As an argument, you may use an arbitrary computable expression with a comparable result.
Examples
SELECT MIN(value), MAX(value) FROM my_table;
SUM
Signature
SUM(Unsigned?)->Uint64?
SUM(Signed?)->Int64?
SUM(Interval?)->Interval?
SUM(Decimal(N, M)?)->Decimal(35, M)?
Sum of the numbers.
As an argument, you may use an arbitrary computable expression with a numeric result or Interval
type.
Integers are automatically expanded to 64 bits to reduce the risk of overflow.

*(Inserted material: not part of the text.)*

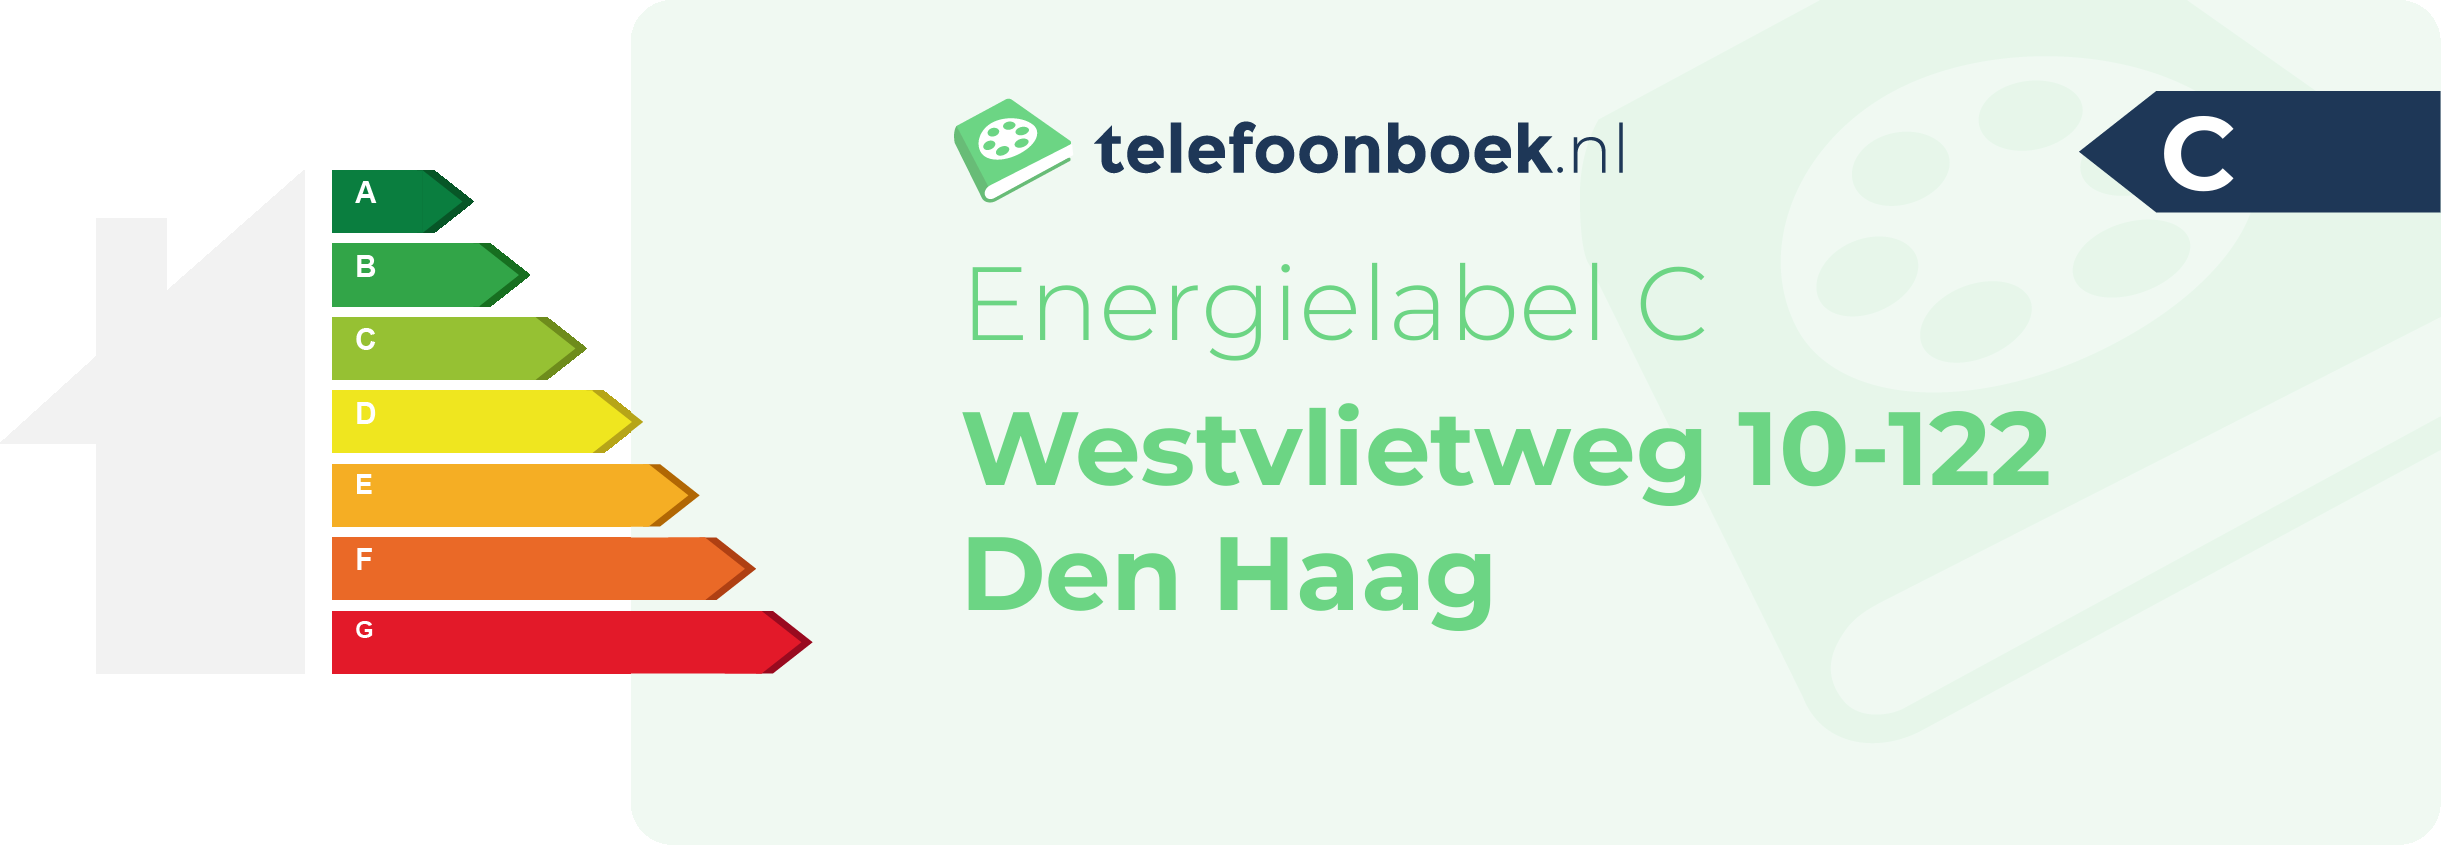 Energielabel Westvlietweg 10-122 Den Haag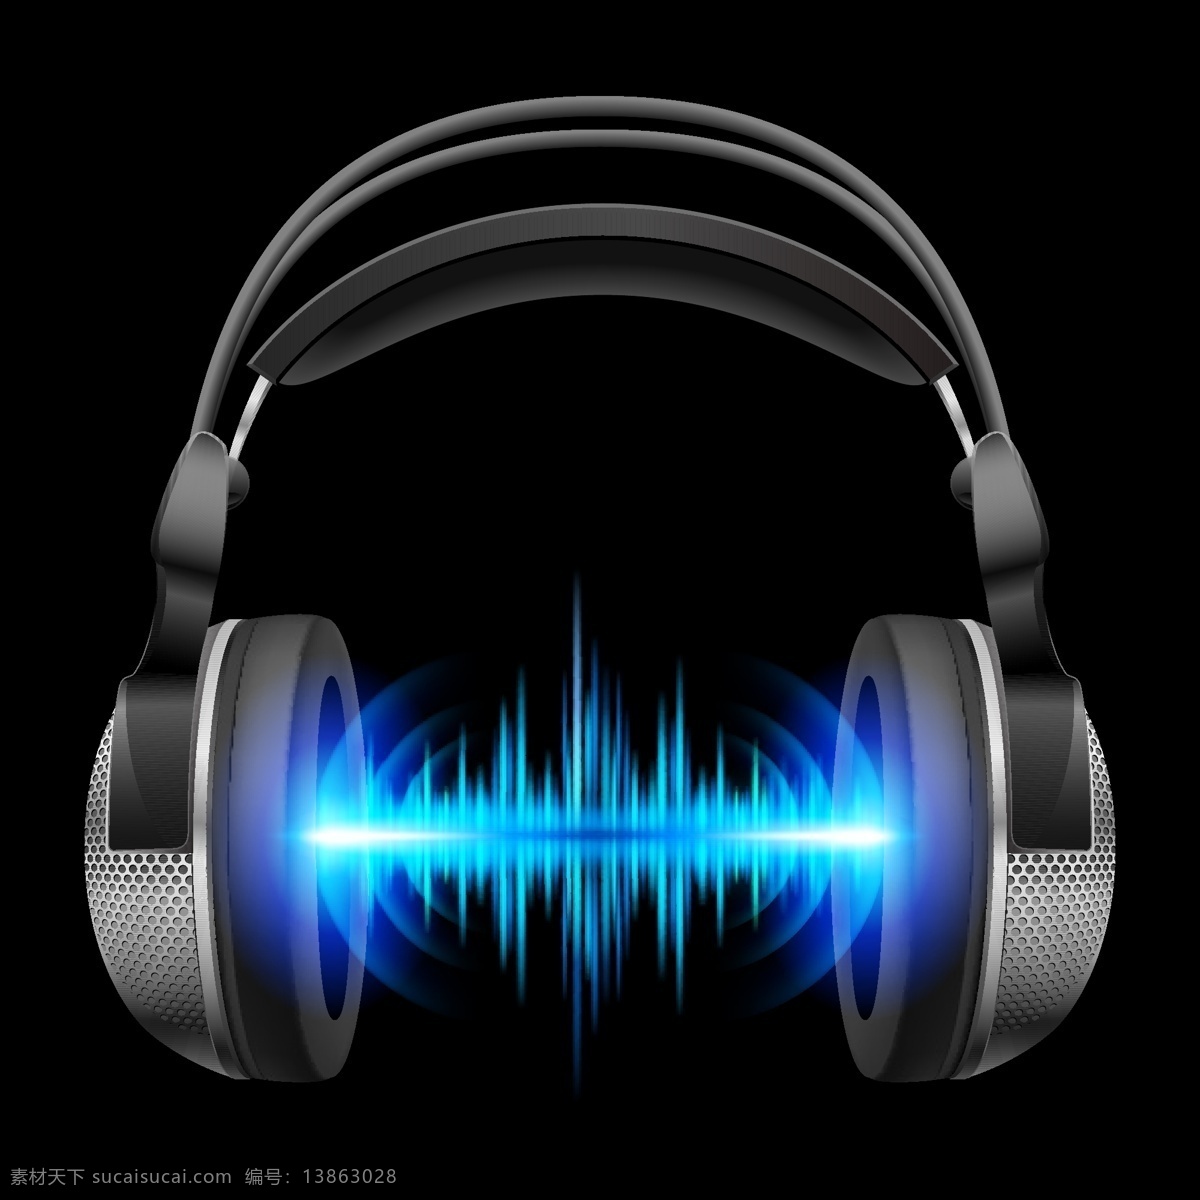 耳机 音乐 光线 光谱 矢量 背景 矢量素材 设计素材 背景素材

SELECT SUM(value) FROM my_table;
AVG
Signature
AVG(Double?)->Double?
AVG(Interval?)->Interval?
AVG(Decimal(N, M)?)->Decimal(N, M)?
Arithmetic average.
As an argument, you may use an arbitrary computable expression with a numeric result or Interval
type.
Integer values and time intervals are automatically converted to Double.
Examples
SELECT AVG(value) FROM my_table;
COUNT_IF
Signature
COUNT_IF(Bool?)->Uint64?
Number of rows for which the expression specified as the argument is true (the expression's calculation result is true).
The value NULL
is equated to false
(if the argument type is Bool?
).
The function does not do the implicit type casting to Boolean for strings and numbers.
Examples
SELECT
COUNT_IF(value % 2 == 1) AS odd_count
Note
If you need to count the number of unique values on the rows that meet the condition, then unlike other aggregate functions, you can't use the DISTINCT modifier, since the arguments contain no values. To get this result, use, inside a subquery, the built-in IF
function with two arguments (to get NULL
in ELSE), and apply an outer COUNT(DISTINCT ...) to its results.
SUM_IF and AVG_IF
Signature
SUM_IF(Unsigned?, Bool?)->Uint64?
SUM_IF(Signed?, Bool?)->Int64?
SUM_IF(Interval?, Bool?)->Interval?
AVG_IF(Double?, Bool?)->Double?
Sum or arithmetic average, but only for the rows that satisfy the condition passed by the second argument.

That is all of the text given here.